Adventure for Dummies: Why a Kilimanjaro trek is your best introduction to adventure

In the shadow of kilimanjaro by James Mills on 500px.com


At 5,896 metres, Mount Kilimanjaro in Tanzania is Africa’s highest mountain. But don’t let that age fool or deter you as in reality it is a relatively easy trek to embark upon.

Nicknamed “Everyman’s Everest” as it is the most achievable of the Seven Summits, the highest hills on each of the world’s continent, the climb takes five to seven days and isn’t all that technical. For those with a passion and nose for adventure,  the highest free-standing mountain in the world and the tallest mountain in Africa is an essential must do if ever in Tanzania.

A dormant volcano, Kilimanjaro com­prises of three cones – Kibo, Mawenze and Shira. The summit, which is on Kibo, is called Uhuru. With some basic training before the trip, anyone with enough determination should be able to conquer Kilimanjaro. Some days will be quite tough, especially when temperatures rise.

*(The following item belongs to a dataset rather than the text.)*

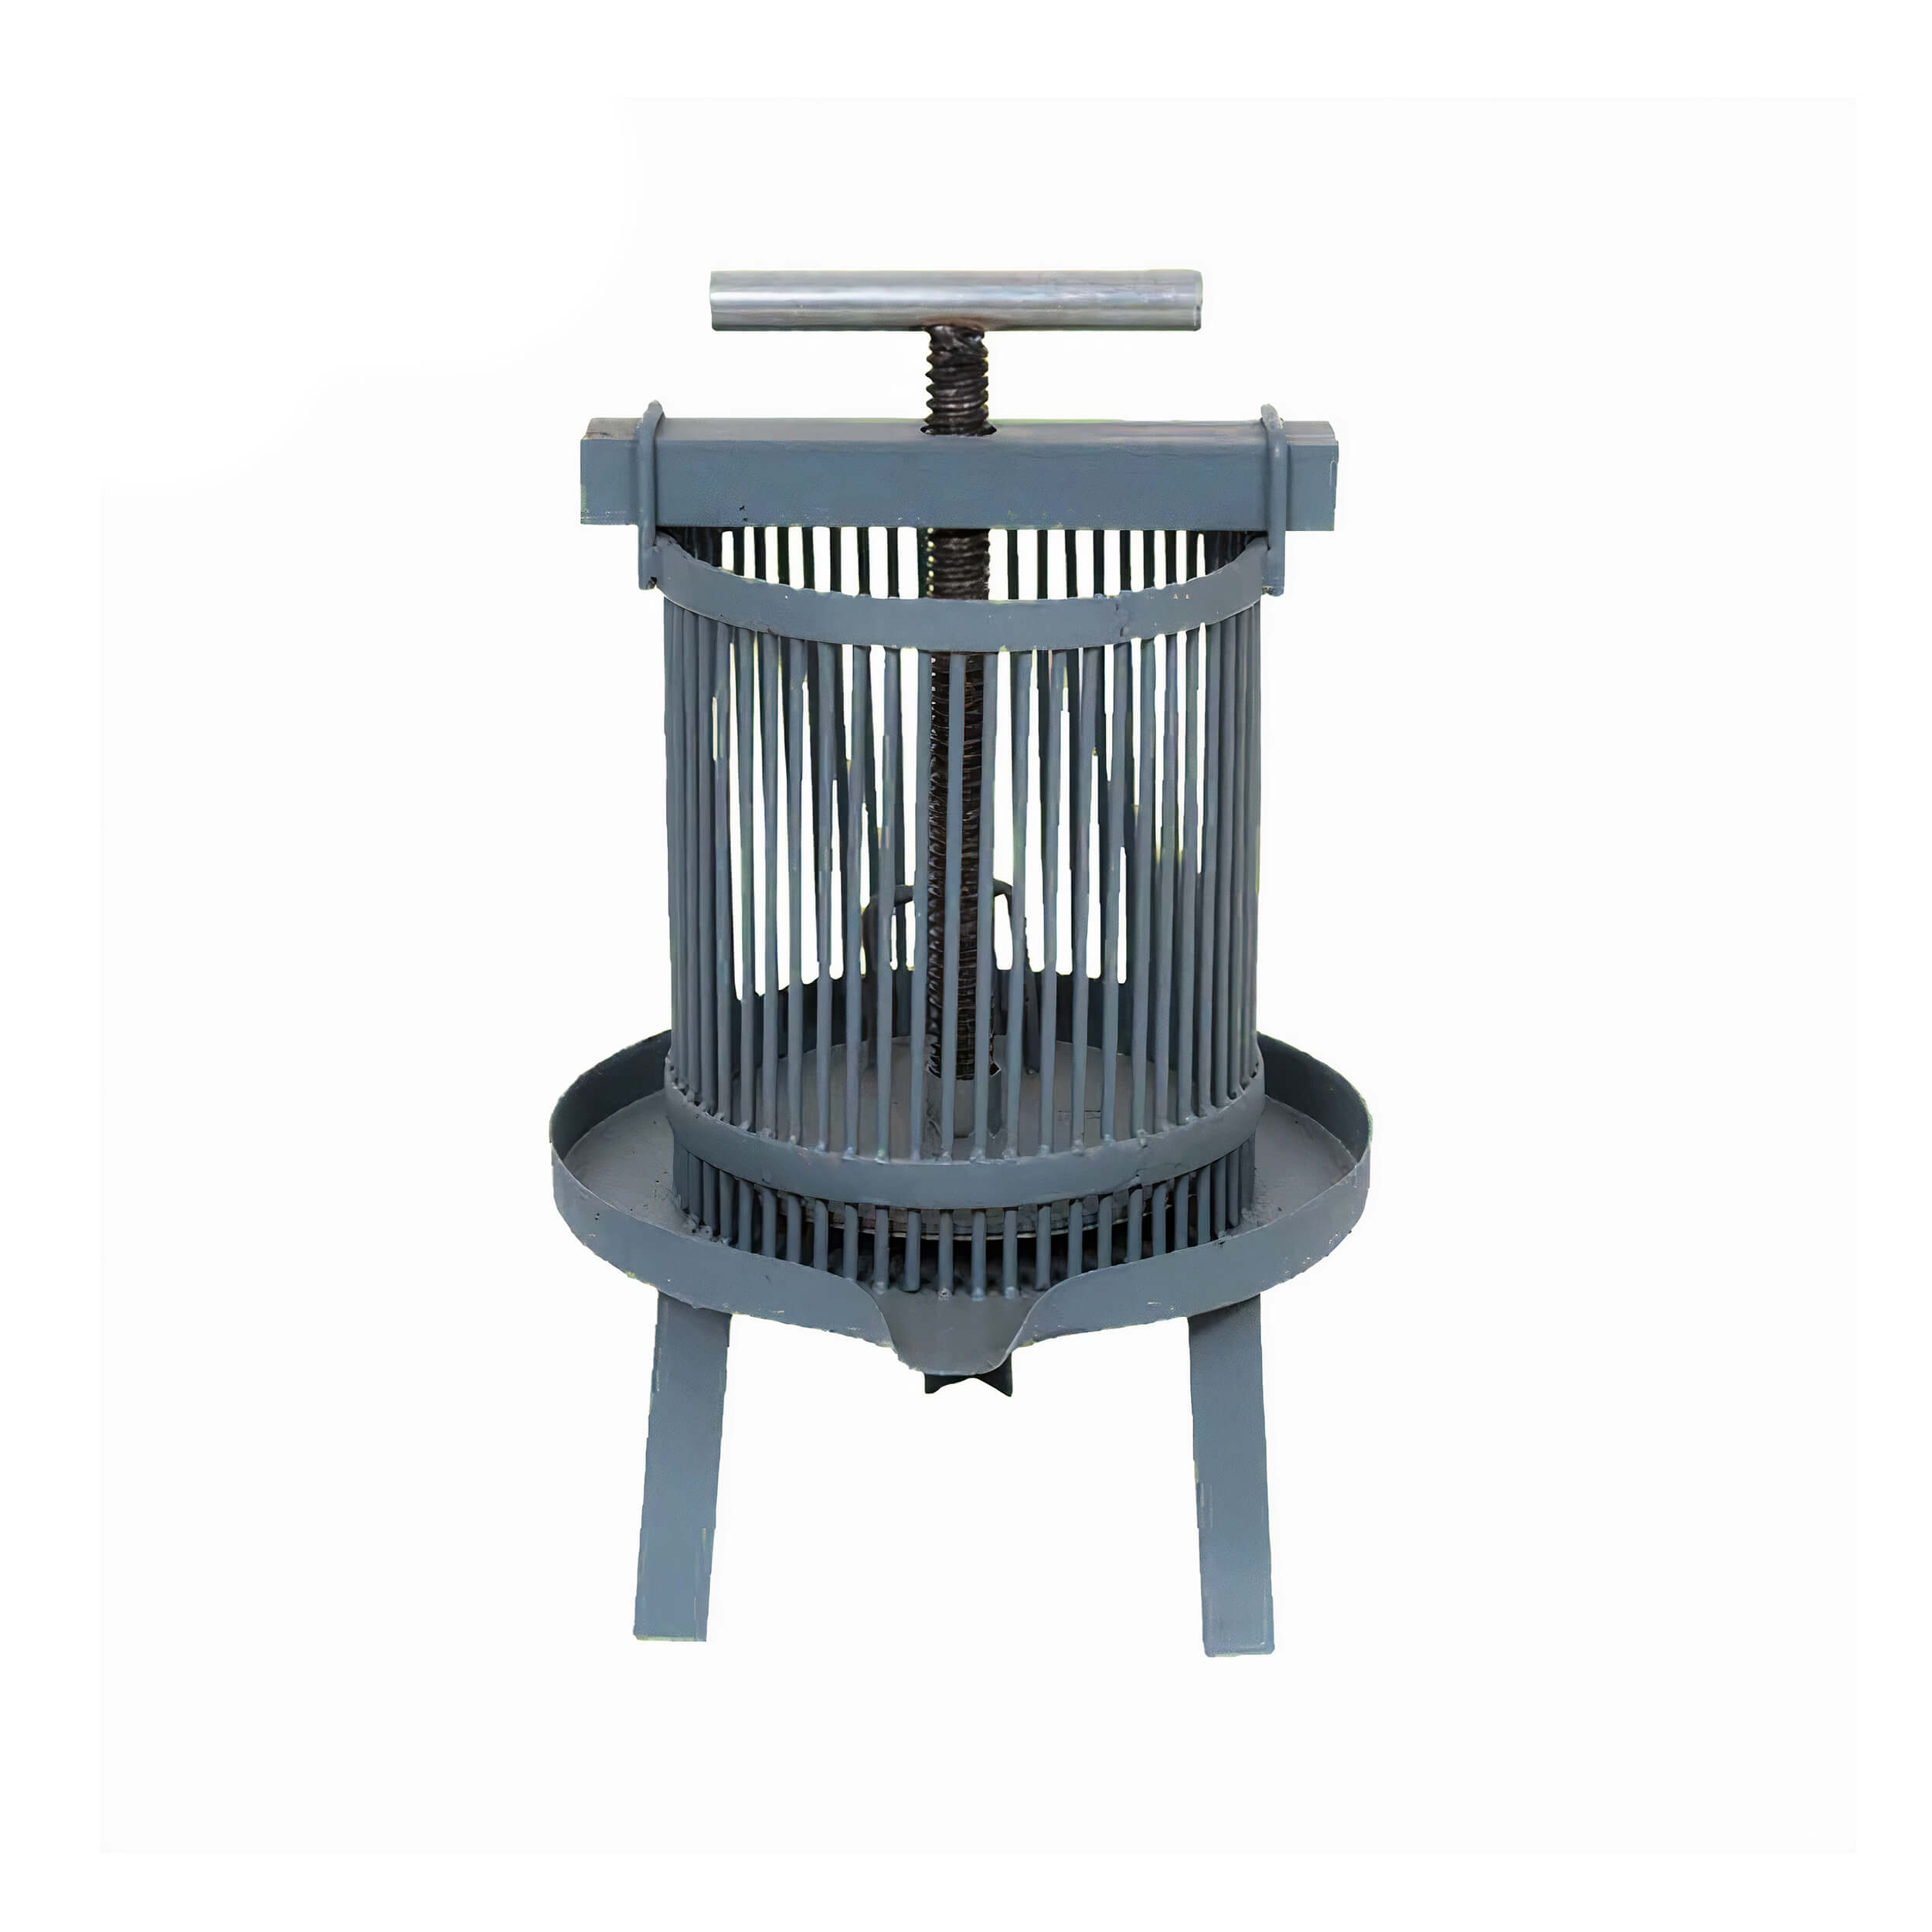 """Воскопресс ручной """"WaxExtractor Steel 10"""" фото"""

Essentially just a long hike and it may not be such a daunting climb, but that doesn’t mean you should entirely underestimate the mountain. There’s no need for gear like pick-axes, ropes and harnesses but it helps if you try and get into some degree of shape before attempting the climb so that you’re up for the challenge, but you don’t need to be in the prime of your life or an Olympic level athlete.

There are five routes to choose from depending on your fitness levels – of these, the Marangu Route and Machame Route are relatively easy and attract the most amount of tourists.

The best time to climb Kilimanjaro, based on various factors including trade winds, is January to March and June to October.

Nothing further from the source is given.